• [Provided records]:
===
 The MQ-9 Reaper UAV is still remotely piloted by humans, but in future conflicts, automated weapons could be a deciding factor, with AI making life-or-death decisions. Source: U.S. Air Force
===
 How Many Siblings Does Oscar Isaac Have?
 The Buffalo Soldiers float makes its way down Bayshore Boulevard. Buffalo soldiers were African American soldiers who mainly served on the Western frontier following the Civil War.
===
• [Problem]: Looking at the data above, return every line from the one with "How Many Siblings Does Oscar Isaac Have?" down to the one with "The Buffalo Soldiers", exactly and inclusively.

• [Solution to the problem]:
 How Many Siblings Does Oscar Isaac Have?
 The Buffalo Soldiers float makes its way down Bayshore Boulevard. Buffalo soldiers were African American soldiers who mainly served on the Western frontier following the Civil War.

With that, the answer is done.